Surely that can’t be the whole story.  A mozilla-central build from a day or two took about 24 minutes on my machine (Linux x86-64 hyperthreaded 8-core @ 2.6GHz, srcdir on SSD, objdir on mechanical hard drive).  We are not compiling 2.4x times more code than we were a year ago…or are we?  Let’s look at some numbers.

I looked at my mozilla-central repository for some convenient tags to pick from and found the FIREFOX_AURORA_${REV}_BASE set of tags.  I started compiling with mozilla-central tip, and then with FIREFOX_AURORA_24_BASE, and resolved to go as far back as I could without undue fiddling with things that wouldn’t compile.  I made it to FIREFOX_AURORA_14_BASE before hitting compilation errors with moz_free.  (19 and previous required small fiddling with js/src to set the right PYTHON, but that was easily scriptable.)  That gives me 11 markers covering over a year of development.

I didn’t try compiling things multiple times to see how much the numbers fluctuated.  I didn’t attempt to control for operating system disk caches or anything like that, just hg up -r $TAG, generated configure, ran configure --enable-optimize --disable-debug --disable-gstreamer (I haven’t bothered to get my gstreamer dependencies right on my development box) in a newly-created objdir, and recorded time for make -srj20.  The compiler was GCC 4.7 from Debian stable.

Those 10-minute clobber build times were apparently the result of warm disk cache or my dreams.
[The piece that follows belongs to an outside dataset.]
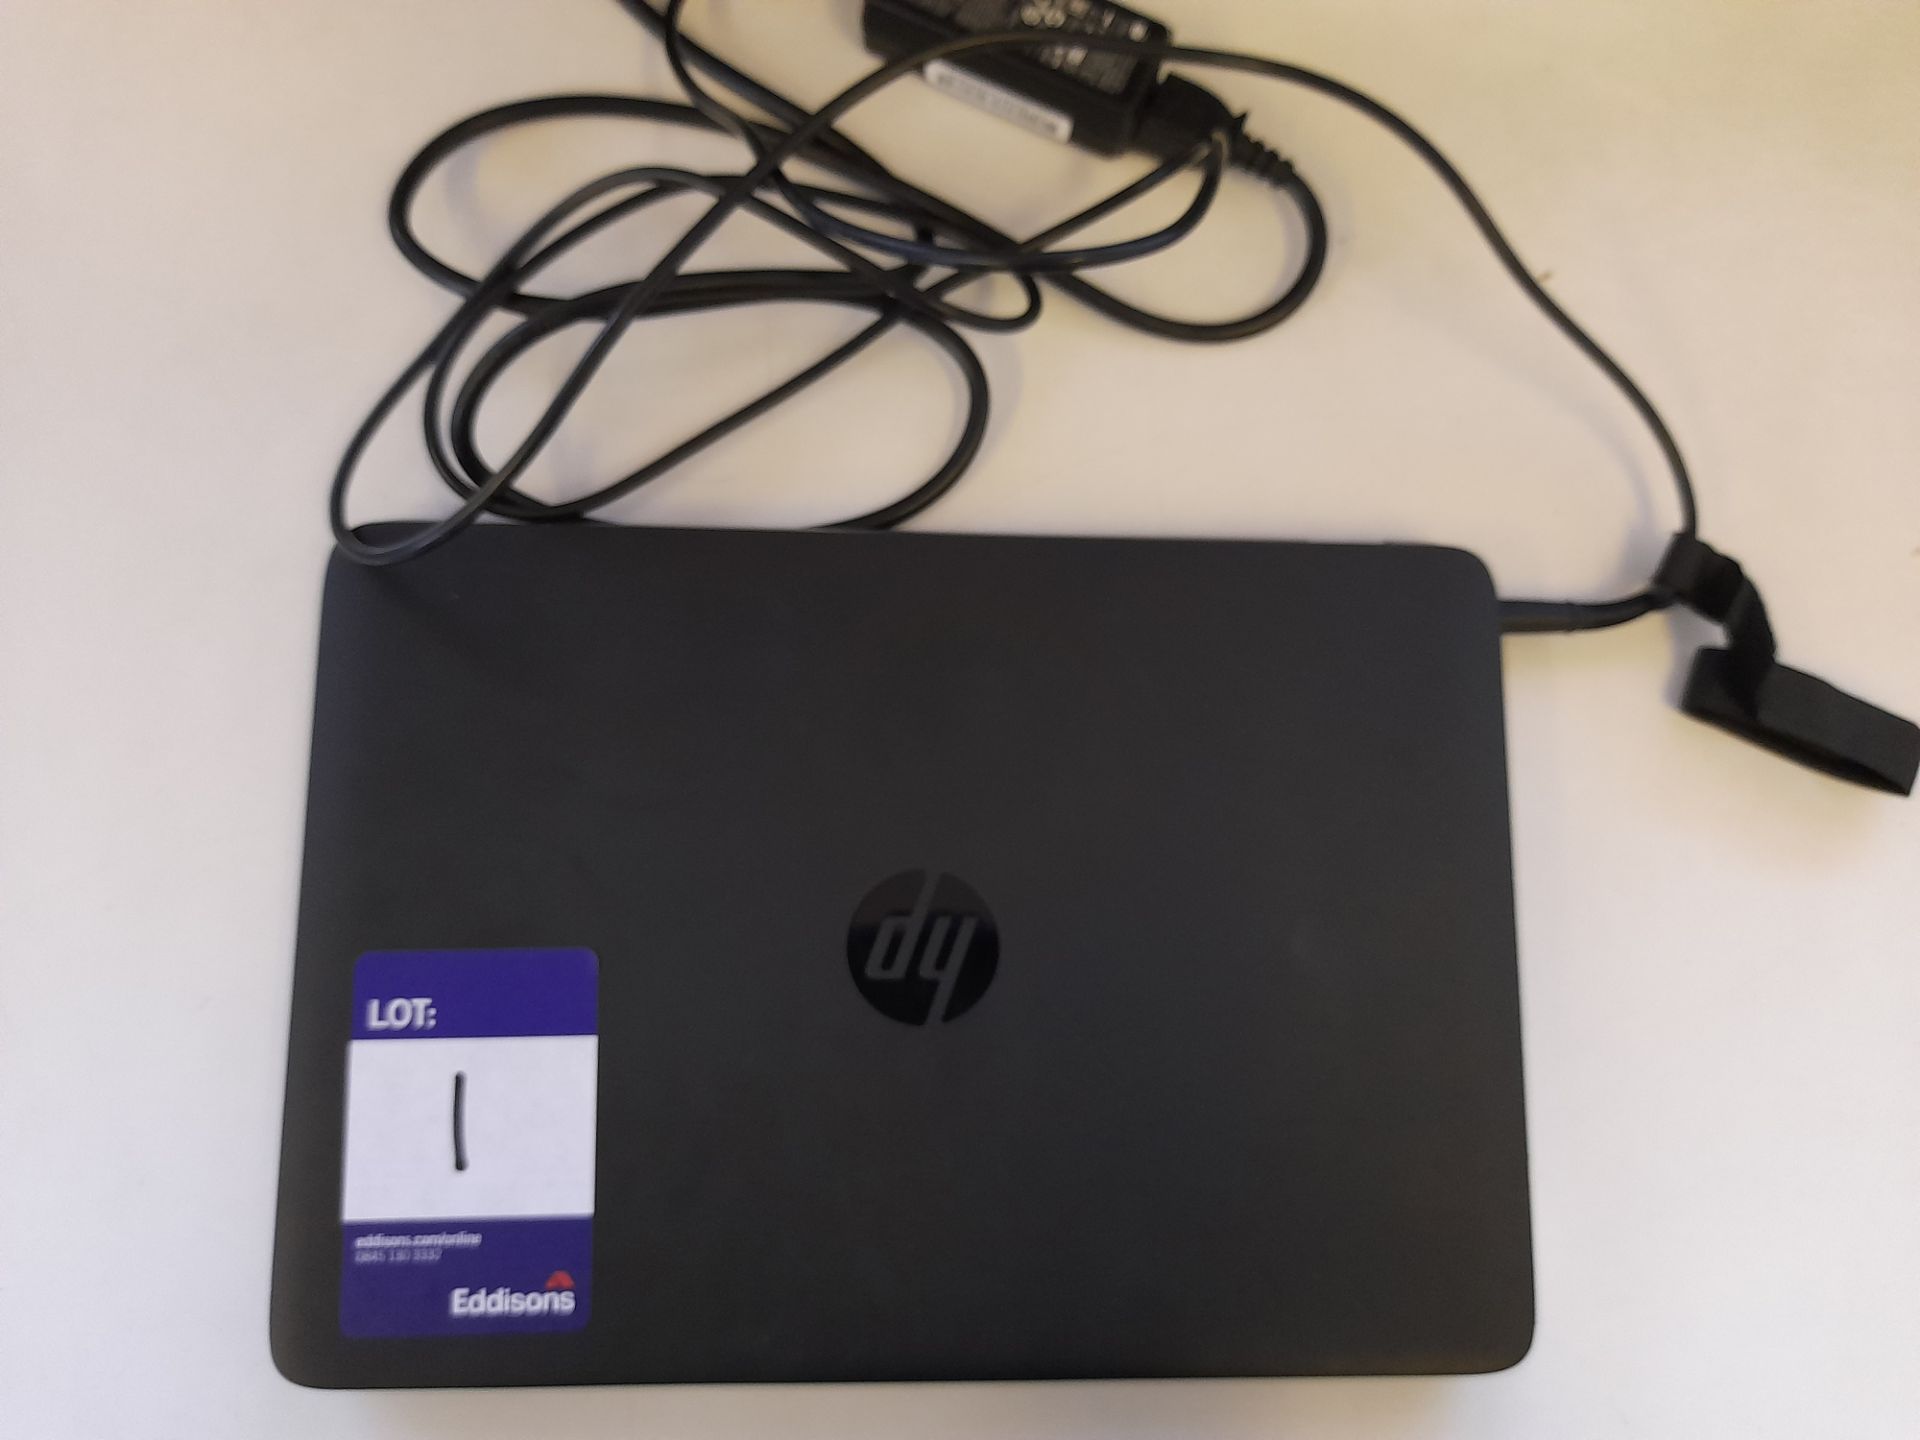 HP Elitebook 840 G2 Laptop, Product Number: G8S00A

Or perhaps they’re due to an older compiler; I only started using GCC 4.7 recently and I’ve done some tests that show it’s a fair amount slower than GCC 4.4. Or maybe I was using a different build config then. Whatever the reason, we can see that compilation times have been increasing steadily, but can we correlate that to anything?

Let’s look at the number of C++, C, WebIDL, and IPDL source files. We include the last two because the conversion to WebIDL has been cited as a reason for increasing compilation times and IPDL because the IPDL compiler generates a number of source files as well (roughly three source files for every IPDL file). The C++ source files are split by extension; .cpp is the usual prefix to use inside Gecko, so separating .cpp and .cc gives some idea of how much outside C++ source code is being compiled. (Just counting source files is subject to issues, since we don’t compile everything in widget/ for every platform, but we’re counting all the source files therein as if they were. This is a rough estimate.)

First things first: we have a lot of code in the tree.

Now, there’s a couple of interesting things to point out. While there’s a lot of IPDL source files, the increase in IPDL can hardly be held responsible for the increase in compile time. So that’s one suspect out of the way. From 16 to 17, we barely increased the amount of code, but build times went down. This change might point to the recorded times being subject to quite a bit of variability.

We added a lot of WebIDL files from 20 to 21 while holding everything else constant and build times went up quite a bit! But we added roughly the same number of WebIDL files from 21 to 22 along with a lot more code and while build times went up, they didn’t go up by the same amount: 28 minutes of user time going from 20 to 21 and ~20 minutes of user time going from 21 to 22. There are a number of reasons why this could be so: we might not be compiling all those 500 C/C++ source files we added in 22 (ICU landed off by default in 22, so that’s ~400 files right there), the WebIDL files added in 21 might have had more of an impact, compilation-wise, the timings might fluctuate quite a bit, and so on and so forth. And notice that we added the same number of WebIDL files again from 23 to 24 and build times hardly changed. Sure, WebIDL means more files to compile. But I don’t think they are adding a disproportionate amount of time.

And finally, source code file counts. We had about 7800 source code files to compile back at Aurora 15 (remember, IPDL counts as three). We have about 10600 source files to compile now on trunk. That’s about a 40% increase that corresponds to roughly a doubling in time to compile. And yes, there’s also a lot of JS and other things that have been added that increase our time to compile. But I don’t think the amount of source code is the whole story.